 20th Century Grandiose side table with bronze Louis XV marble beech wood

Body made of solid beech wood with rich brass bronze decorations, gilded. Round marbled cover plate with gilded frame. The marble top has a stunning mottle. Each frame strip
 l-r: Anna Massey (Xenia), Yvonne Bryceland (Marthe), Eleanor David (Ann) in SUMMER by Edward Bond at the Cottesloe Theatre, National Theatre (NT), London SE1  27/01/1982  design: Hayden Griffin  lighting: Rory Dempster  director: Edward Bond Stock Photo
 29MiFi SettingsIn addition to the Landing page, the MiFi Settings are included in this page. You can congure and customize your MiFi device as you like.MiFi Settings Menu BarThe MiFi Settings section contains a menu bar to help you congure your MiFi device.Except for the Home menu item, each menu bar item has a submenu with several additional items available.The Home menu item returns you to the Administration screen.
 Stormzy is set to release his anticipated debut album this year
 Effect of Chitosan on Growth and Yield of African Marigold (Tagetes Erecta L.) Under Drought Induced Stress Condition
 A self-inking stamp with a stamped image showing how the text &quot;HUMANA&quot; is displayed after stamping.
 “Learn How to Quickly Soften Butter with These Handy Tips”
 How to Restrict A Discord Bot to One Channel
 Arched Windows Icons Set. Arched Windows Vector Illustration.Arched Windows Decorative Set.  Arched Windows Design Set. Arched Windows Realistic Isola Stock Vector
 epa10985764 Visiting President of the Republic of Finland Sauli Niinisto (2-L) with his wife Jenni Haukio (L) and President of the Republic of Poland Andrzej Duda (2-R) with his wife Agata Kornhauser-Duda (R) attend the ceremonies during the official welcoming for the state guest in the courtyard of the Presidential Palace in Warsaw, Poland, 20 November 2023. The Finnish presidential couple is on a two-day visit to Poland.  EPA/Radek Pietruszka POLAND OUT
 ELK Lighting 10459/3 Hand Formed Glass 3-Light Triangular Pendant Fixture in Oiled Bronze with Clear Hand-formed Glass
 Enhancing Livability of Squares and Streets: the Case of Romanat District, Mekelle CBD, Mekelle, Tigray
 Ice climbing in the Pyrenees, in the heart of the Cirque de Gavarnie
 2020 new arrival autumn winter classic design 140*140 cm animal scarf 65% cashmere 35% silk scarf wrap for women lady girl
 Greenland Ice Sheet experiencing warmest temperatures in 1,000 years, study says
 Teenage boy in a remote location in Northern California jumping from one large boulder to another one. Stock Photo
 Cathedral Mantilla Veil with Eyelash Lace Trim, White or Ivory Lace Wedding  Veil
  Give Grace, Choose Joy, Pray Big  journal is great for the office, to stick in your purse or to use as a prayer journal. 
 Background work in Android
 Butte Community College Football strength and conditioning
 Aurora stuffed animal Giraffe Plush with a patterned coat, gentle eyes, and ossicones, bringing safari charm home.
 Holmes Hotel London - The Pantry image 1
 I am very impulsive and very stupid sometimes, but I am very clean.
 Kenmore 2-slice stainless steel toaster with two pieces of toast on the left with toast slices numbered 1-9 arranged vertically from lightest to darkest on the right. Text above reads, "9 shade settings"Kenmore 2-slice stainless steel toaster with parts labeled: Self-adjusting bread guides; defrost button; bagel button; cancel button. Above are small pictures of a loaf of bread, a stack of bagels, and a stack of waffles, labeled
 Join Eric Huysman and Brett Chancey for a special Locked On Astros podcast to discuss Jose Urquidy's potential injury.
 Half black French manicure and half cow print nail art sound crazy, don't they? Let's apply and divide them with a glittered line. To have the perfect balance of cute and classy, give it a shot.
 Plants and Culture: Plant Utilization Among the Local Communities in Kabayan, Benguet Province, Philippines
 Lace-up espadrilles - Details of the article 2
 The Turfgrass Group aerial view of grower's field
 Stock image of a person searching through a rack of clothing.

□ □ □ □

Your goal: Could you please reproduce each record exactly, leaving nothing out?

Written response:
 20th Century Grandiose side table with bronze Louis XV marble beech wood

Body made of solid beech wood with rich brass bronze decorations, gilded. Round marbled cover plate with gilded frame. The marble top has a stunning mottle. Each frame strip
 l-r: Anna Massey (Xenia), Yvonne Bryceland (Marthe), Eleanor David (Ann) in SUMMER by Edward Bond at the Cottesloe Theatre, National Theatre (NT), London SE1  27/01/1982  design: Hayden Griffin  lighting: Rory Dempster  director: Edward Bond Stock Photo
 29MiFi SettingsIn addition to the Landing page, the MiFi Settings are included in this page. You can congure and customize your MiFi device as you like.MiFi Settings Menu BarThe MiFi Settings section contains a menu bar to help you congure your MiFi device.Except for the Home menu item, each menu bar item has a submenu with several additional items available.The Home menu item returns you to the Administration screen.
 Stormzy is set to release his anticipated debut album this year
 Effect of Chitosan on Growth and Yield of African Marigold (Tagetes Erecta L.) Under Drought Induced Stress Condition
 A self-inking stamp with a stamped image showing how the text &quot;HUMANA&quot; is displayed after stamping.
 “Learn How to Quickly Soften Butter with These Handy Tips”
 How to Restrict A Discord Bot to One Channel
 Arched Windows Icons Set. Arched Windows Vector Illustration.Arched Windows Decorative Set.  Arched Windows Design Set. Arched Windows Realistic Isola Stock Vector
 epa10985764 Visiting President of the Republic of Finland Sauli Niinisto (2-L) with his wife Jenni Haukio (L) and President of the Republic of Poland Andrzej Duda (2-R) with his wife Agata Kornhauser-Duda (R) attend the ceremonies during the official welcoming for the state guest in the courtyard of the Presidential Palace in Warsaw, Poland, 20 November 2023. The Finnish presidential couple is on a two-day visit to Poland.  EPA/Radek Pietruszka POLAND OUT
 ELK Lighting 10459/3 Hand Formed Glass 3-Light Triangular Pendant Fixture in Oiled Bronze with Clear Hand-formed Glass
 Enhancing Livability of Squares and Streets: the Case of Romanat District, Mekelle CBD, Mekelle, Tigray
 Ice climbing in the Pyrenees, in the heart of the Cirque de Gavarnie
 2020 new arrival autumn winter classic design 140*140 cm animal scarf 65% cashmere 35% silk scarf wrap for women lady girl
 Greenland Ice Sheet experiencing warmest temperatures in 1,000 years, study says
 Teenage boy in a remote location in Northern California jumping from one large boulder to another one. Stock Photo
 Cathedral Mantilla Veil with Eyelash Lace Trim, White or Ivory Lace Wedding  Veil
  Give Grace, Choose Joy, Pray Big  journal is great for the office, to stick in your purse or to use as a prayer journal. 
 Background work in Android
 Butte Community College Football strength and conditioning
 Aurora stuffed animal Giraffe Plush with a patterned coat, gentle eyes, and ossicones, bringing safari charm home.
 Holmes Hotel London - The Pantry image 1
 I am very impulsive and very stupid sometimes, but I am very clean.
 Kenmore 2-slice stainless steel toaster with two pieces of toast on the left with toast slices numbered 1-9 arranged vertically from lightest to darkest on the right. Text above reads, "9 shade settings"Kenmore 2-slice stainless steel toaster with parts labeled: Self-adjusting bread guides; defrost button; bagel button; cancel button. Above are small pictures of a loaf of bread, a stack of bagels, and a stack of waffles, labeled
 Join Eric Huysman and Brett Chancey for a special Locked On Astros podcast to discuss Jose Urquidy's potential injury.
 Half black French manicure and half cow print nail art sound crazy, don't they? Let's apply and divide them with a glittered line. To have the perfect balance of cute and classy, give it a shot.
 Plants and Culture: Plant Utilization Among the Local Communities in Kabayan, Benguet Province, Philippines
 Lace-up espadrilles - Details of the article 2
 The Turfgrass Group aerial view of grower's field
 Stock image of a person searching through a rack of clothing.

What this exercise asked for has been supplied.